In Part 1  the nature and validity of emergent constraints[1] on equilibrium climate sensitivity (ECS) in GCMs were discussed, drawing mainly on the analysis and assessment of 19 such constraints in Caldwell et al (2018; henceforth Caldwell),[2] who concluded that only four of them were credible. All those four constraints favoured ECS in the upper half of the CMIP5 range (3.4–4.7°C). An extract of the rows of Table 1 of Part 1 detailing those four emergent constraints is given below.[3]

Caldwell regarded a proposed emergent constraint as not credible if it lacks an identifiable physical mechanism; is not robust to change of model ensemble; or if its correlation with ECS is not due to its proposed physical mechanism. The credible constraints identified in Caldwell are all related to tropical/subtropical low clouds and all except Brient Shal are significantly correlated with each other.
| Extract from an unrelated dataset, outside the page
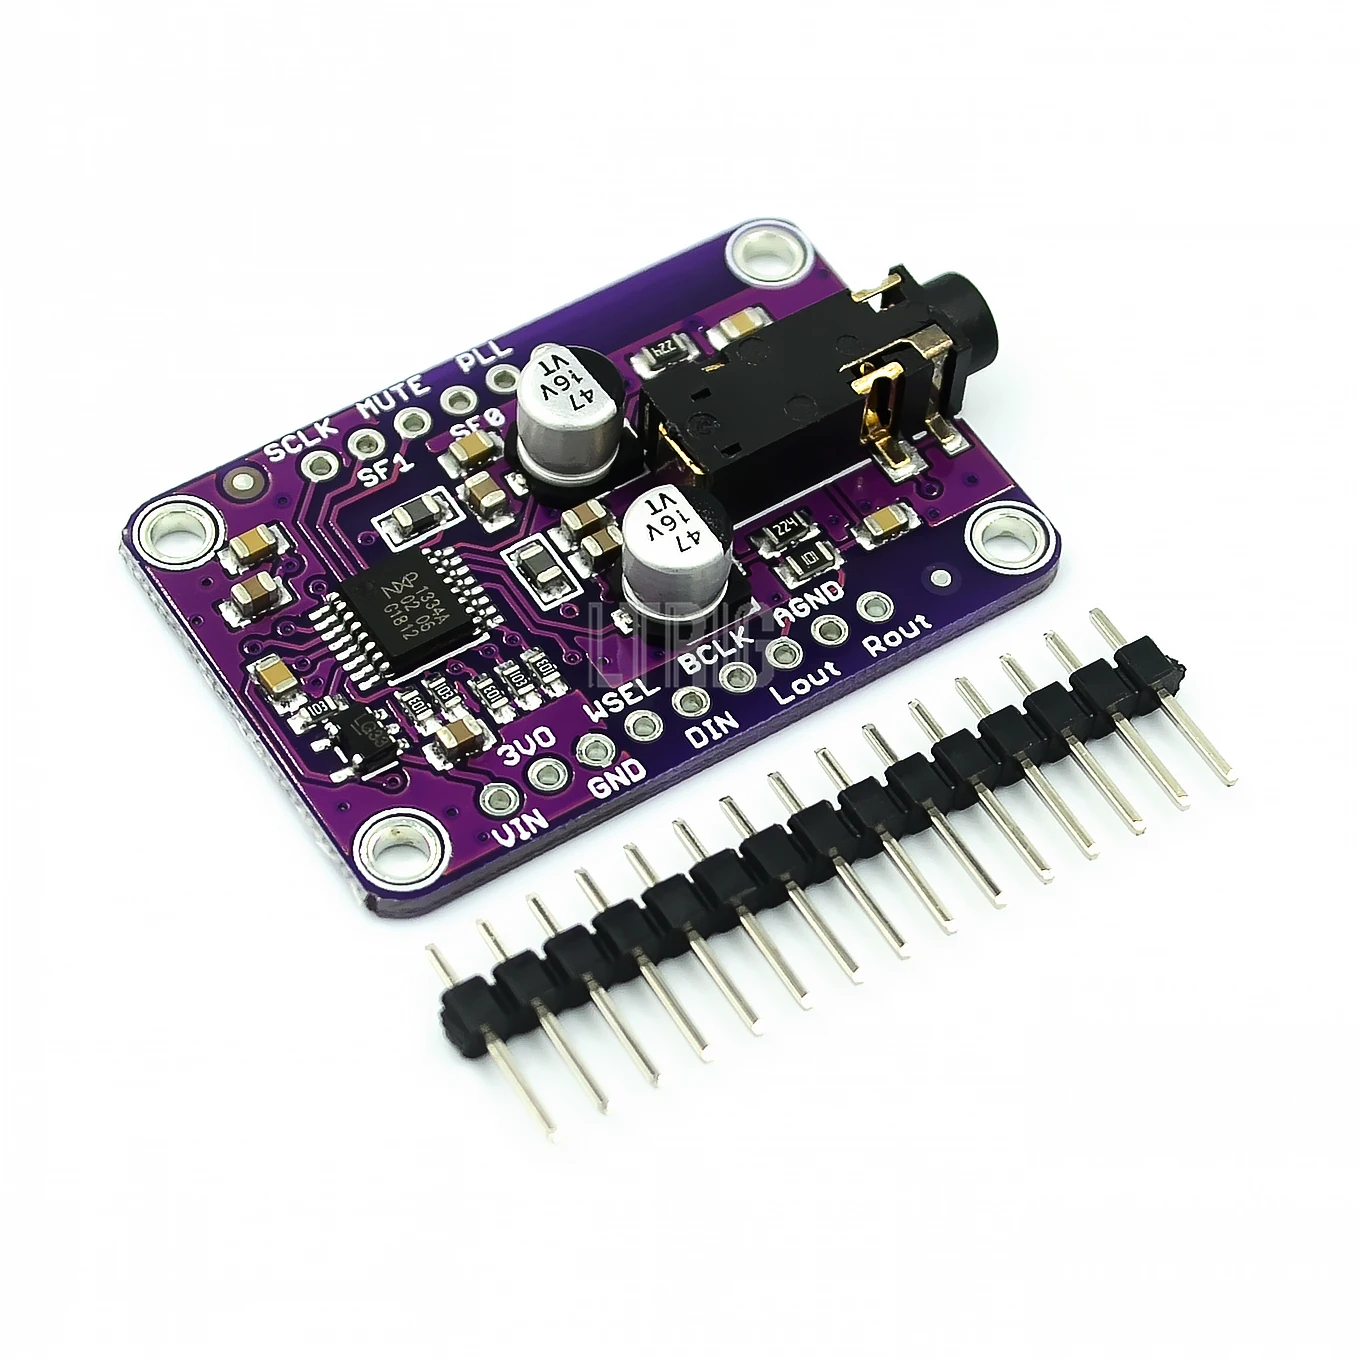 

LTRIG Custom 1PCSCJMCU-1334 DAC Module CJMCU-1334 UDA1334A I2S DAC Audio Stereo Decoder Module Board For Arduino 3.3V - 5V

Figure 1 shows the geographical distribution of the dominant sources of correlation for each of the emergent constraints assessed as credible. In each case the principal source is cloud feedback, dominantly shortwave (SW). The spatial pattern of correlation between the emergent constraint and ECS arising from cloud feedback is strikingly similar for all four constraints, despite their metrics being based on differing regions. Inter-model variation in forcing for a doubling of CO2 also has a non-negligible contribution for two of the four constraints. Other feedbacks account for that part of the total correlation not attributable to cloud feedback and 2⤬ CO2 forcing, and in aggregate are small except for Brient Shal.[4]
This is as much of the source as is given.